Повалявшись еще с полчасика в постели, он все-таки встал, побрился, принял душ и вышел из каюты.
Было прекрасное солнечное утро, и на палубе царило оживление. Пахло свежестью и дорогими духами. За бортом на все четыре стороны света простиралось море. Оно казалось живым проснувшимся исполином, лениво ворочавшим своими чреслами. Его мирное дыхание успокаивало и вселяло надежды.
– Good morning, sir! – неожиданно услышал Борис за своей спиной.
Он обернулся и увидел средних лет человека в шортах и бейсболке, который решил бесцеремонно разрушить его одиночество и покой.

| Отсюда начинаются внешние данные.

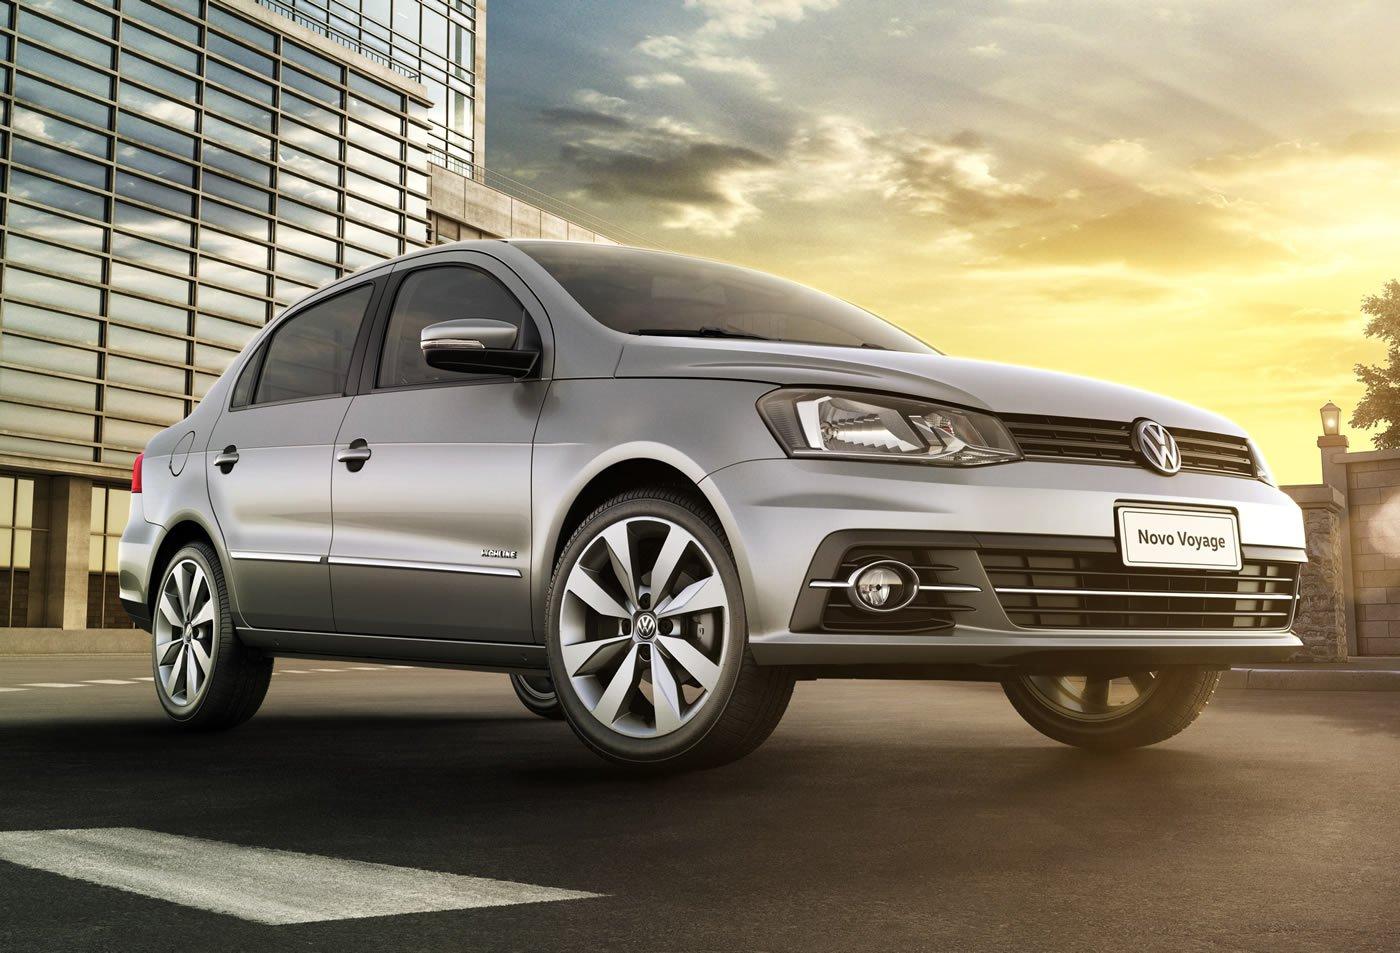 ... cara (quase) nova e multimídia: Volkswagen lança Gol e Voyage 2017

Видимо, тот принял его за англичанина, а может, и за американца, оттого и обратился к нему по-английски.
Английский Борис знал неплохо. Несколько лет назад при ленинградском управлении ОГПУ были организованы курсы по изучению иностранных языков, и начальство в приказном порядке обязало сотрудников посещать их. К тем же, кто часто без уважительных причин пропускал занятия или же был неспособен к языкам, применялись жесткие санкции, вплоть до понижения в должности. Борису, на его счастье, языки давались легко, поэтому за короткий срок он смог освоить кроме разговорного английского еще и немецкий, поэтому ему уже было несложно изъясняться с любым европейцем.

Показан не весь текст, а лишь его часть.